– Значит, у тебя все впереди, – сказала надзирательница. – Если будешь плохо себя вести. Перевоспитание бывает очень болезненным. Тяжелым. Но оно необходимо. Ты поняла меня?
– Поняла, – ответила я и шмыгнула носом. Снова потекли сопли. Это от холода, сковавшего мое тело после умывания. – Я постараюсь вести себя хорошо, миссис Лафайет.
– Я на это надеюсь.
Коридор разветвился, и мы свернули направо. Левое крыло принадлежало отделению мальчиков. И туда, заходить было запрещено, так же как и мальчикам, было запрещено входить в крыло девочек.
Перед нами возникла огромная дверь с табличкой: «Отделение девочек». Надзирательница сняла ключ, висевший у нее на шее, на просмоленной бечевке и отперла этим ключом дверь.
Петли двери пронзительно заскрипели, и вскоре, мы оказались в отделении.
Это был тот же коридор, но по обе стороны он имел множество спален. Оттуда выглядывали дети и с любопытством глазели на меня. Я была новенькая, а новенькие всегда всем интересны. Я слышала, как дети обсуждали меня.
– Это что, мальчишка? – донеслось до меня.
– Накой мальчишка в отделении девочек? – послышалось в ответ.
– Это не мальчишка, – услышала я еще. – Это девочка.
– Какая-то она слишком безобразная для девочки.
– Вспомни себя в первый день, когда миссис Гухтер обкорнала твои волосы.
Я ни на кого не смотрела, едва поспевая за широко шагающей миссис Лафайет, и лишь изредка выглядывала исподлобья.

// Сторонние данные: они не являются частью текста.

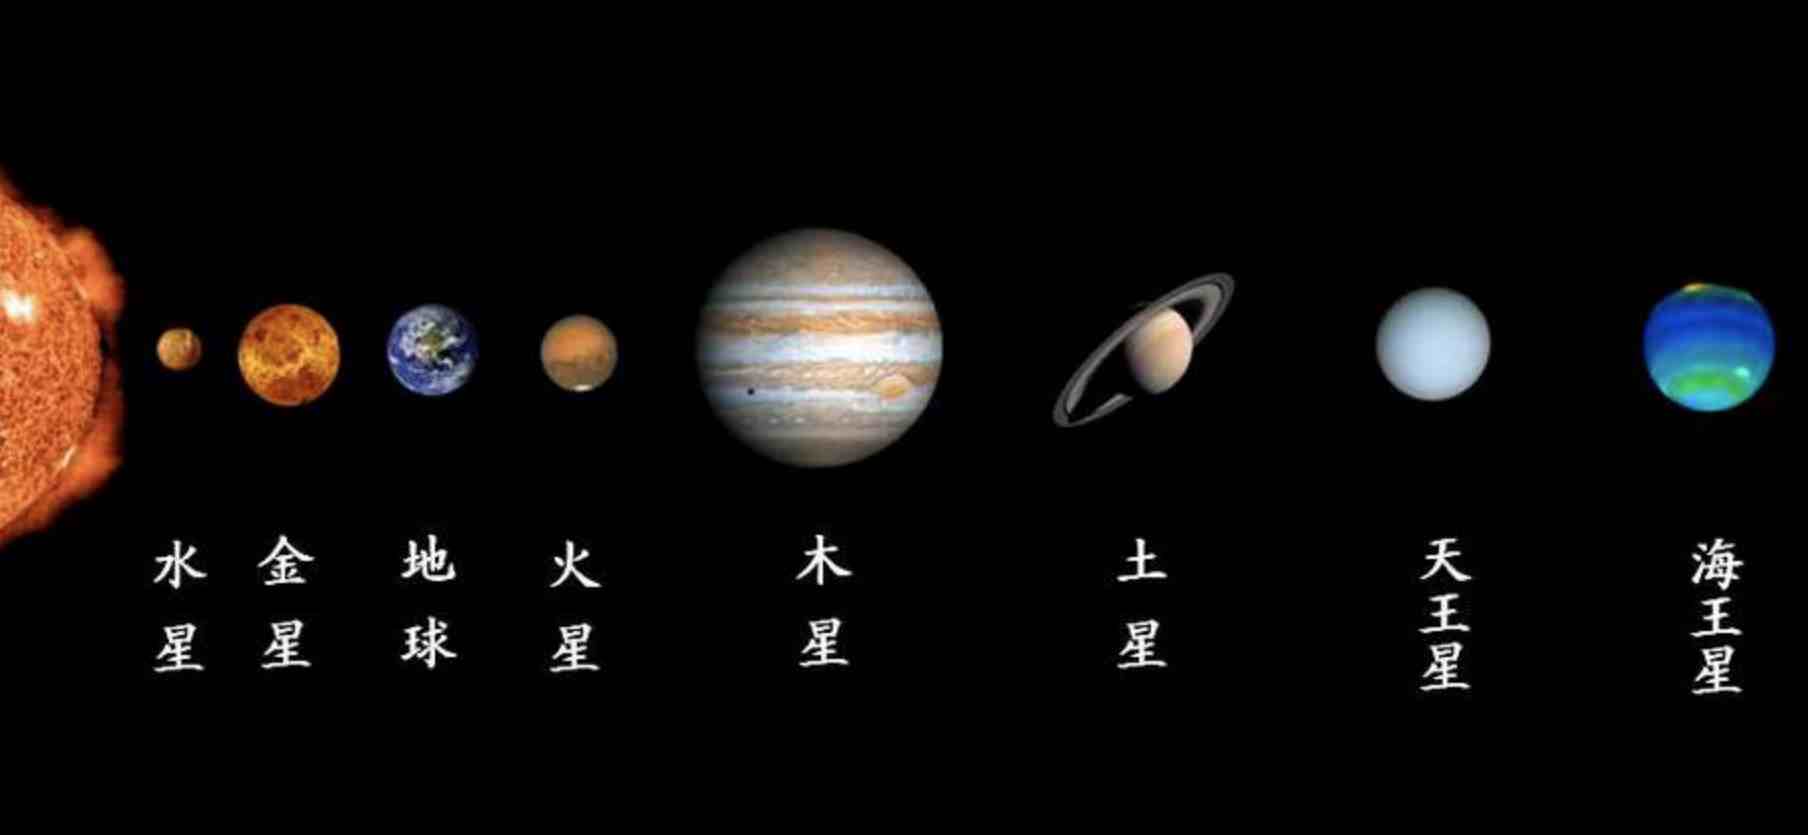 银河系中八大行星(八大行星排列顺序)

– Все по койкам! – закричала надзирательница, и детей след простыл. – Или кто-то захотел провести ночь в карцере?! Я могу вам это устроить. Там сегодня особенно холодно и сыро.
Мы дошли до конца коридора и вошли в комнату по правой стороне. Потолки здесь были высокими, окна огромными и решетчатыми, кровати металлическими. Еще пахло мочой. Кто-то из девочек очевидно писался.
– Спать будешь здесь, – сказала мне миссис Лафайет, указывая на кровать у самой двери. – Под подушкой ночная пижама. Туалет на ночь закрывается, ходить в горшок. Он у тебя под койкой. Утром сама его выносишь. Теперь спать. На ужин ты опоздала, так что до завтра придется поголодать.
Больше Агнесса Лафайет ничего не сказала. Она расправила плечи, оглядела девочек и ушла.
Свет в комнате так и не включили, и пришлось заправлять постельное белье в темноте.
Оно и к лучшему – никто на меня глазеть не будет.
Белье настолько прогнило, что рассыпалось, прямо у меня в руках! От любого неловкого движения, оно рвалось.
Девочки еще не спали, и лежа в своих постелях, они о чем-то шептались. Наверное, обо мне. Но я старалась не слушать их, и, покончив, наконец, с пододеяльником, легла и отвернулась от всего мира к стене.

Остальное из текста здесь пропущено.